Aim for an exact copy of the listing, without any images.

Information shown:
⟨
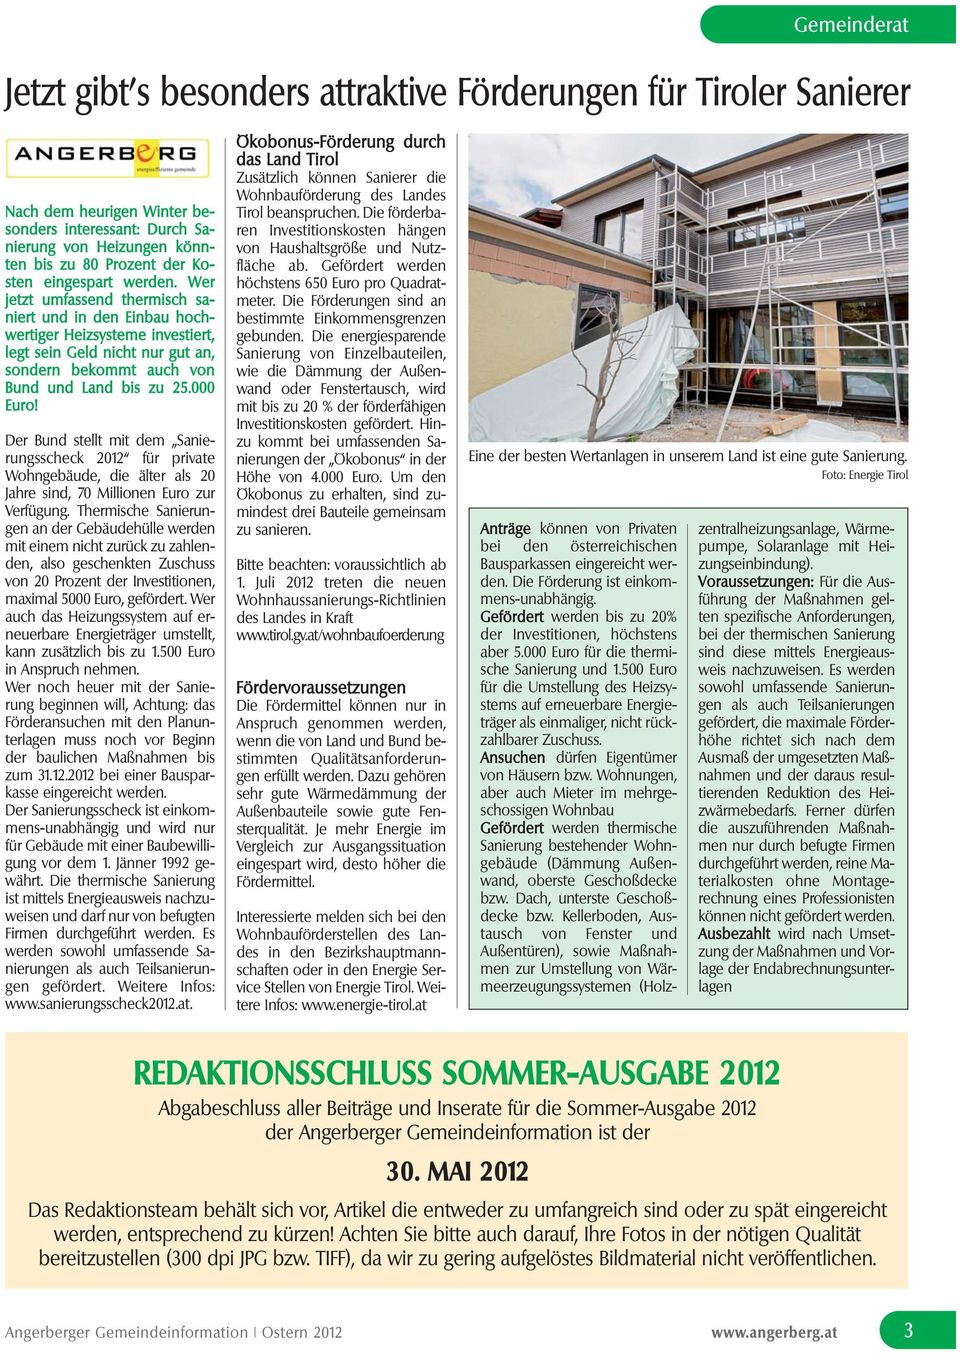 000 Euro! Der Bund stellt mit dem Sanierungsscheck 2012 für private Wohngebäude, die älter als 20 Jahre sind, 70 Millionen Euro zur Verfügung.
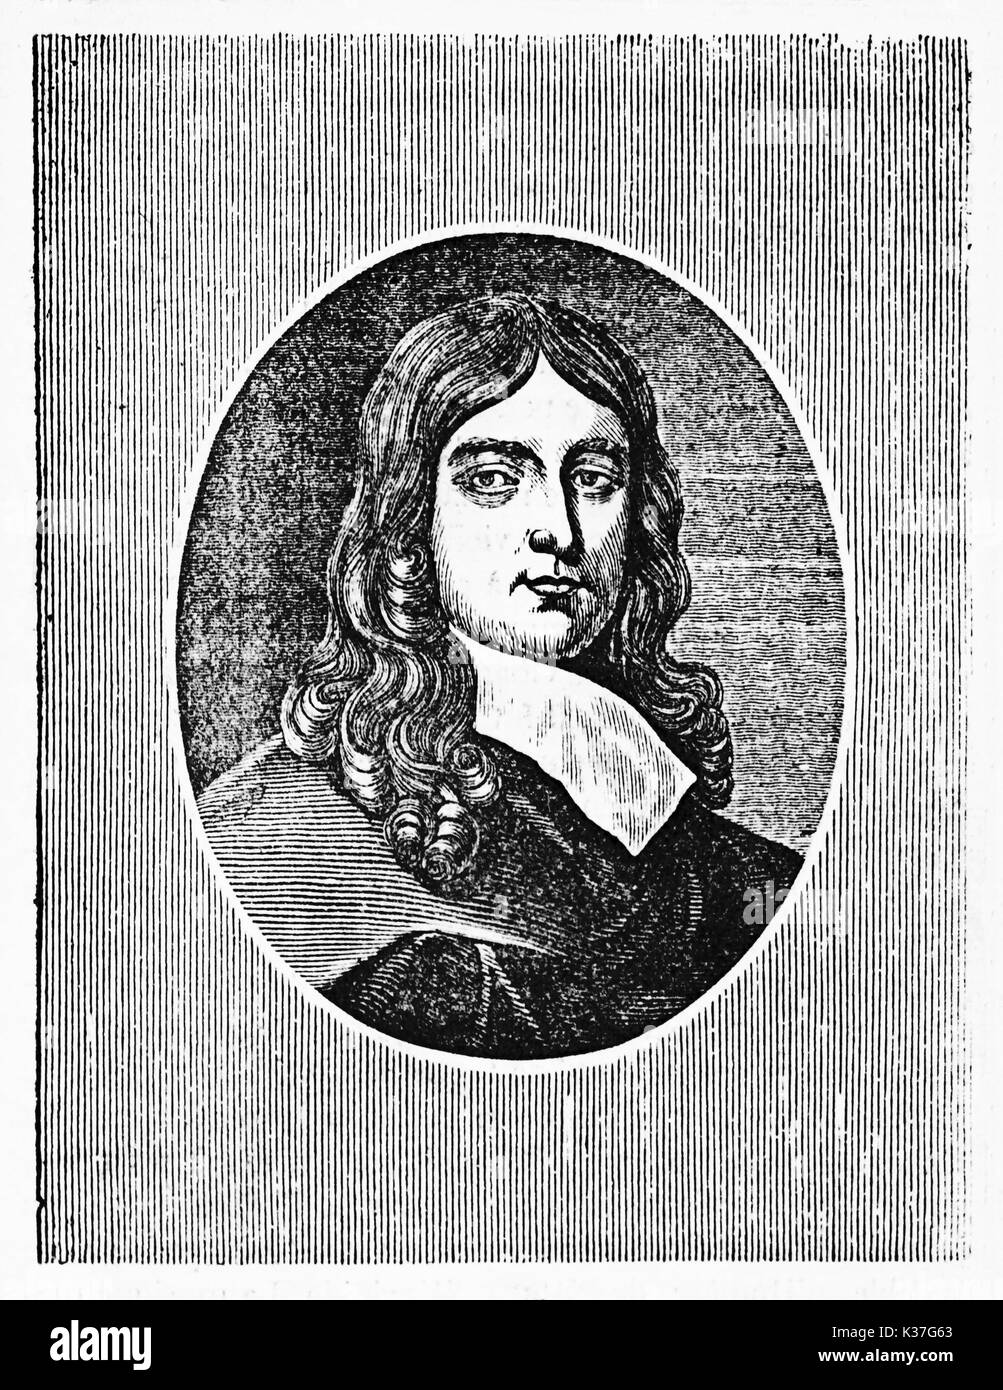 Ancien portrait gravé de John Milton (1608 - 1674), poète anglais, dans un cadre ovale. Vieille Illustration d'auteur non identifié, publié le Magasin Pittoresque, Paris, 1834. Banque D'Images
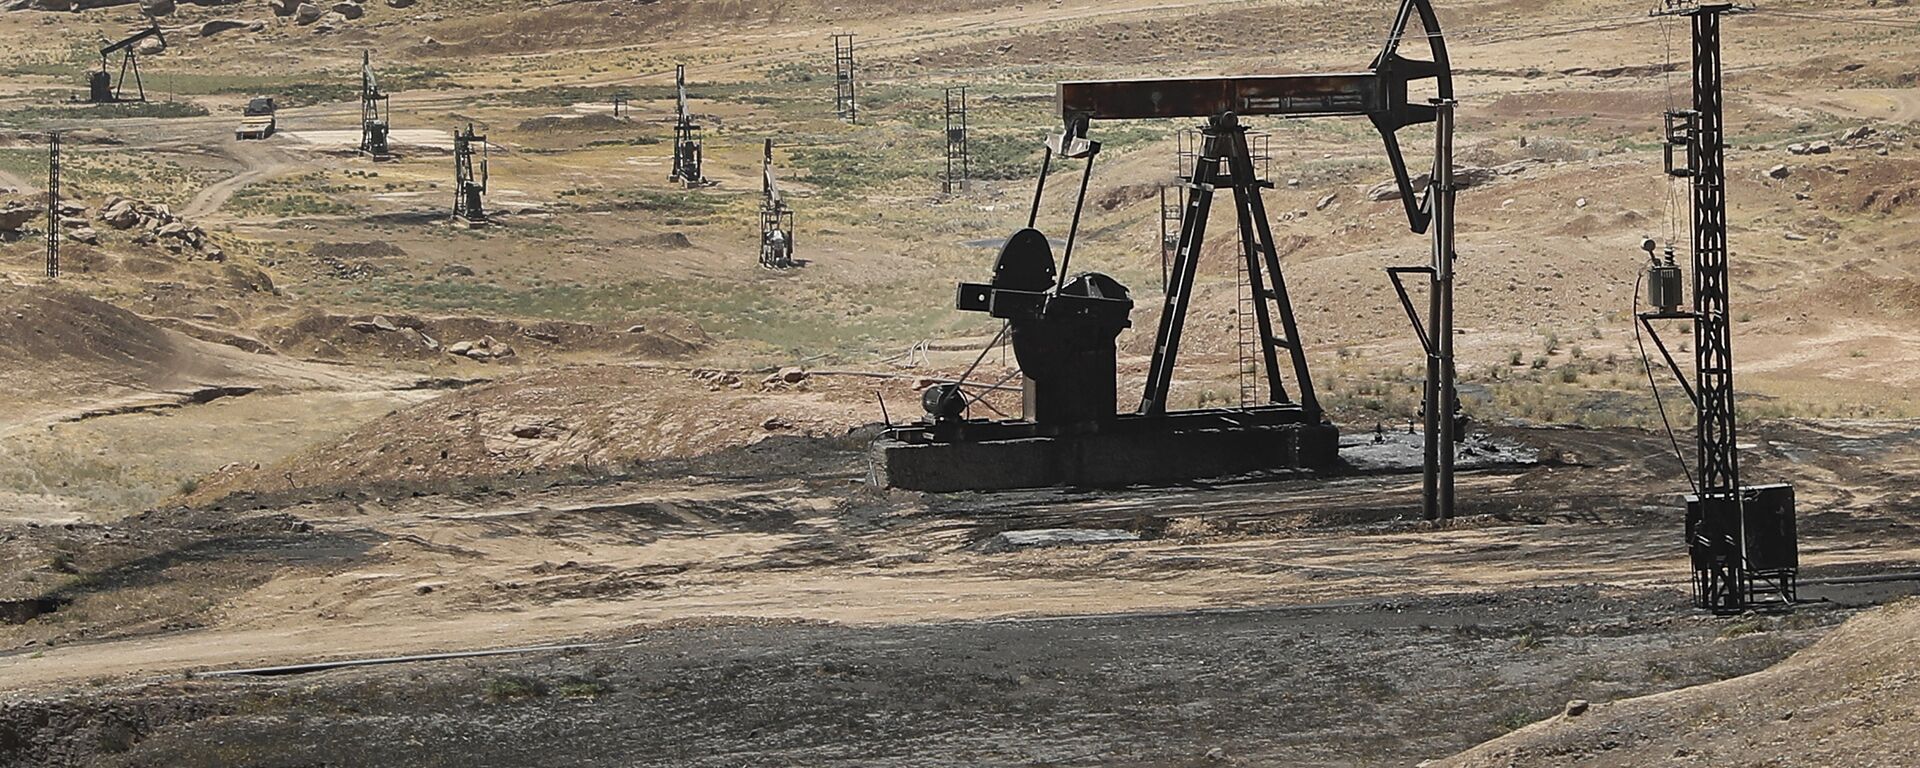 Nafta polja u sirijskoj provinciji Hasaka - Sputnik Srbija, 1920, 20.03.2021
⟩
Expected answer:
 000 Euro! Der Bund stellt mit dem Sanierungsscheck 2012 für private Wohngebäude, die älter als 20 Jahre sind, 70 Millionen Euro zur Verfügung.
 Ancien portrait gravé de John Milton (1608 - 1674), poète anglais, dans un cadre ovale. Vieille Illustration d'auteur non identifié, publié le Magasin Pittoresque, Paris, 1834. Banque D'Images
 Nafta polja u sirijskoj provinciji Hasaka - Sputnik Srbija, 1920, 20.03.2021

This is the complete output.